Neurocrine Biosciences has started a Phase II clinical trial of NBI-98854 (Valbenazine), a highly selective small molecule Vesicular Monoamine Transporter 2 (VMAT2) inhibitor, to treat Tourette syndrome in adults.
VMAT2 is a protein concentrated in the human brain that is primarily responsible for re-packaging and transporting monoamines in pre-synaptic neurons.
The initiation of this trial has expanded the clinical efforts for NBI-98854 in adults with Tourette syndrome.
Around 90 adults will be enrolled in this randomised, double-blind, placebo-controlled, multi-dose, parallel group Phase II trial (T-Forward study).
In the trial, patients will receive once-daily dosing of NBI-98854 during an eight-week treatment period to evaluate the safety, tolerability and efficacy of the VMAT2 inhibitor.
The trial’s primary endpoint is a change from baseline of placebo versus active scores using the Yale Global Tic Severity Scale at the end of week eight.
Results from this trial are expected to be reported later in 2016.

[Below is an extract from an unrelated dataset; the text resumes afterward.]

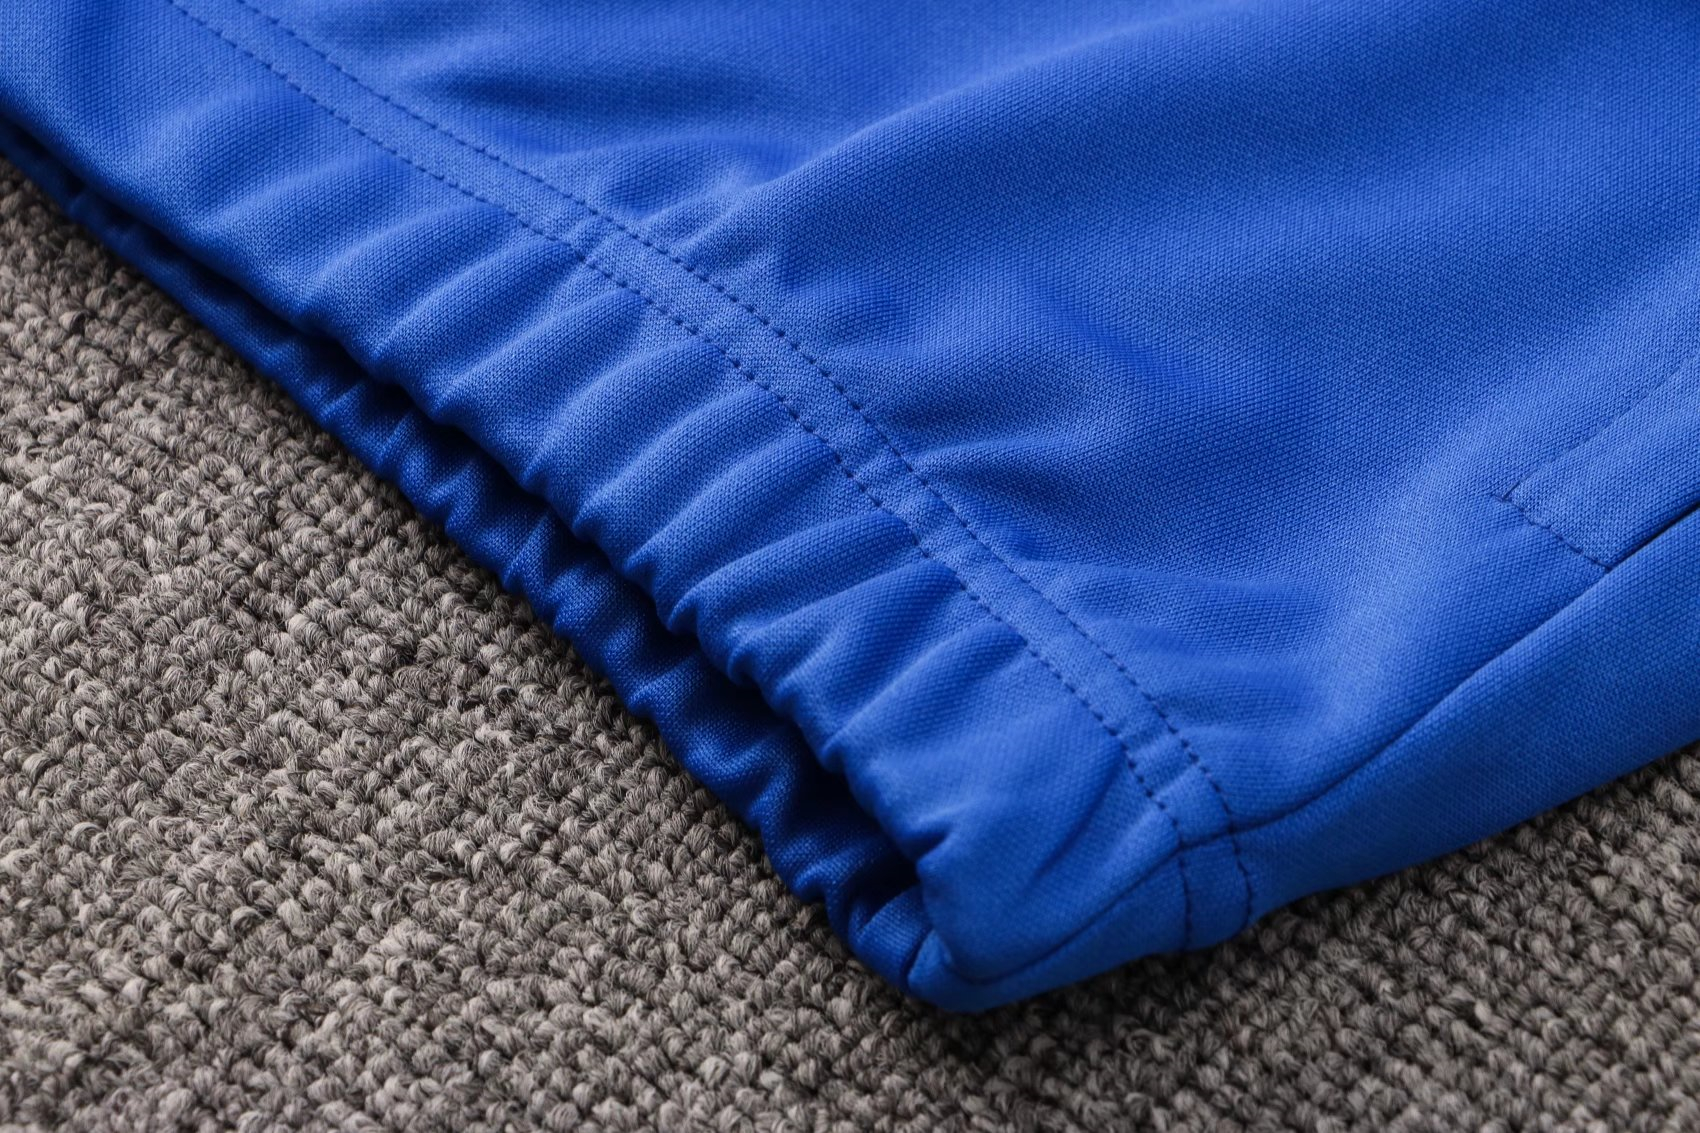 Manchester United Soccer Traning Suit (Jacket + Pants) Blue Mens 2021/22

Neurocrine Biosciences chief medical officer Dr Christopher O’Brien said: "Evaluation of Valbenazine in adults with Tourette syndrome is another important step in fully exploring its potential in movement disorders.
"We look forward to our T-Force study readout of children and adolescents with Tourette’s during this quarter, and our anticipated NDA filing of NBI-98854 for tardive dyskinesia in 2016."

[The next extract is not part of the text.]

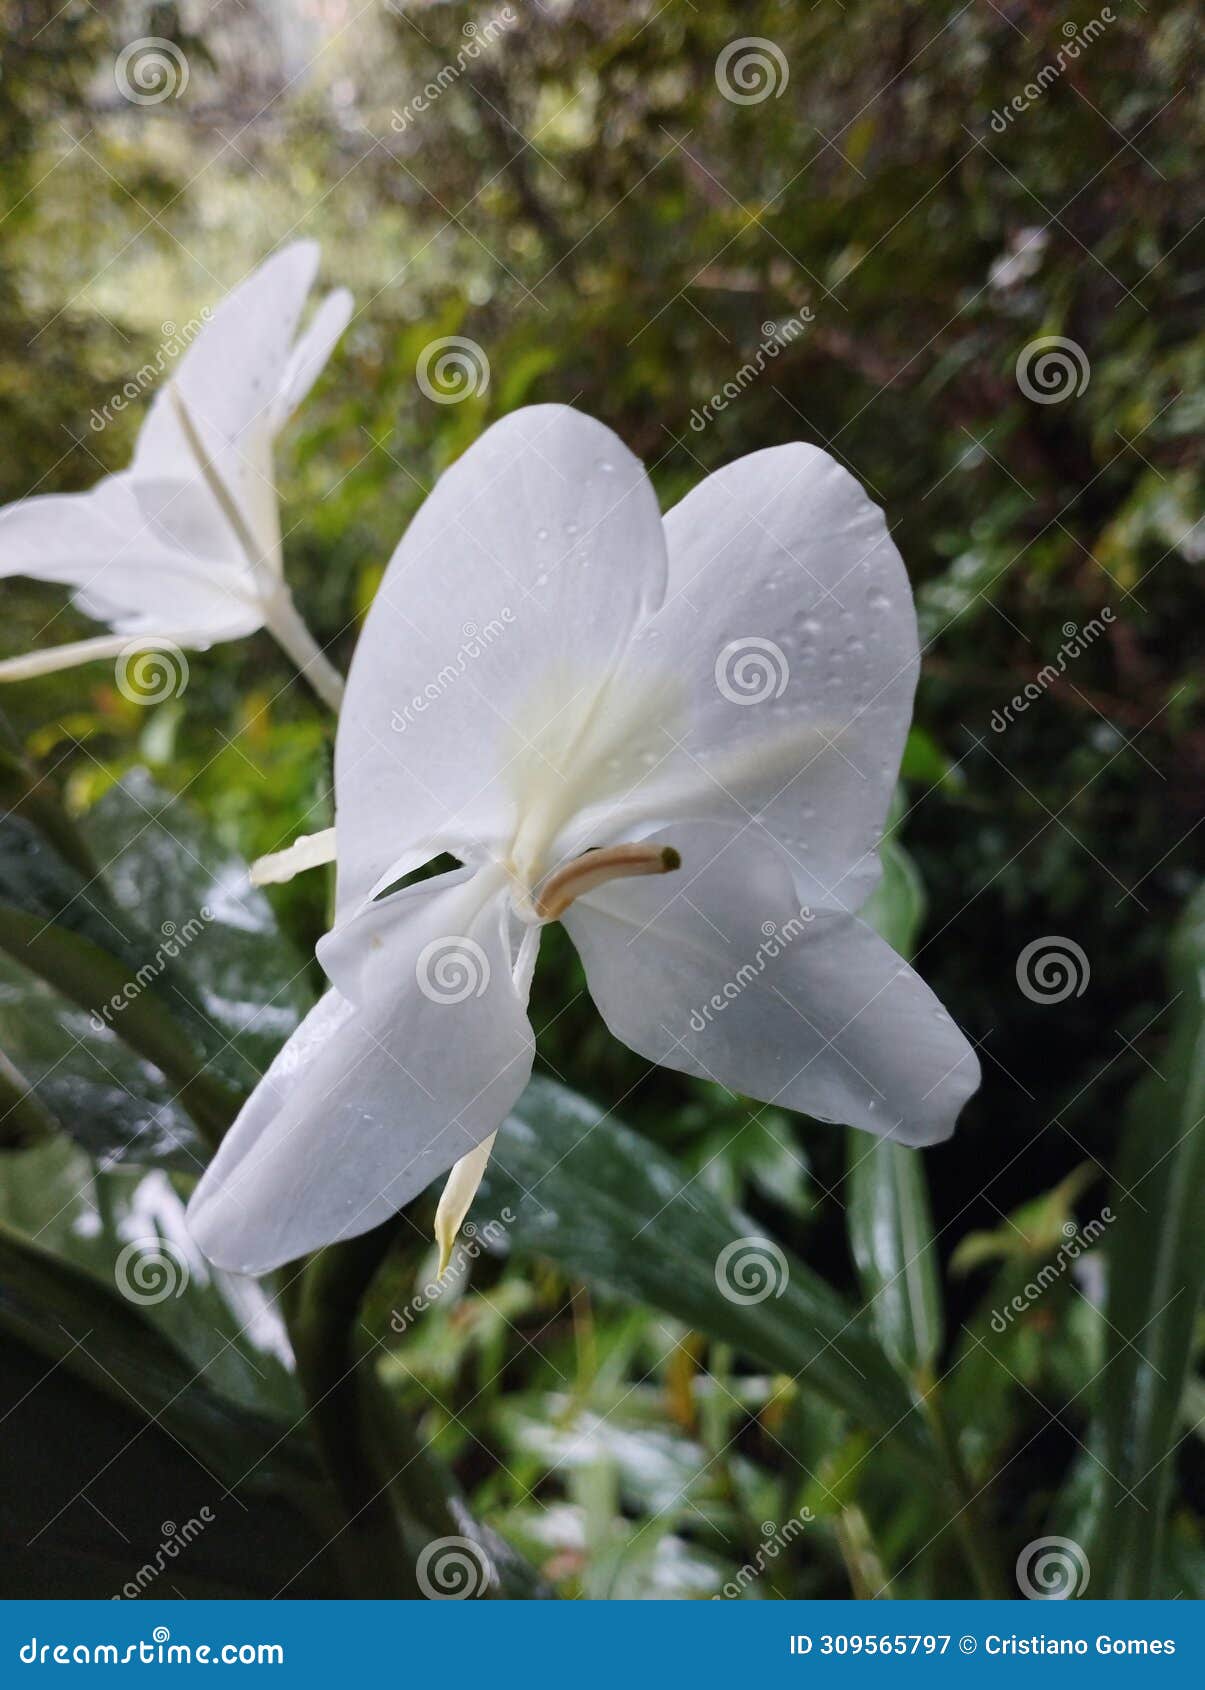 flower of hedychium coronarium (lirio-do-brejo) species of the zingiberaceae family

The three-arm trial will evaluate up to 90 patients over eight weeks of dosing followed by two weeks off-drug at approximately 40 study centres in the US.
Tourette symptoms, a neurological disorder, will also be evaluated through the Premonitory Urge for Tics Scale, as well as Clinical Global Impression of Change scales, among others.
This disorder consists of rapid, non-rhythmic stereotyped motor and vocal tics.
The company has two distinct investigational new drug applications (INDAs) related to NBI-98854, tardive dyskinesia and Tourette syndrome, open with the Division of Psychiatry Products at the FDA.
The FDA has granted breakthrough therapy designation for NBI-98854 in the treatment of tardive dyskinesia and expects to file a new drug application (NDA) for tardive dyskinesia in 2016.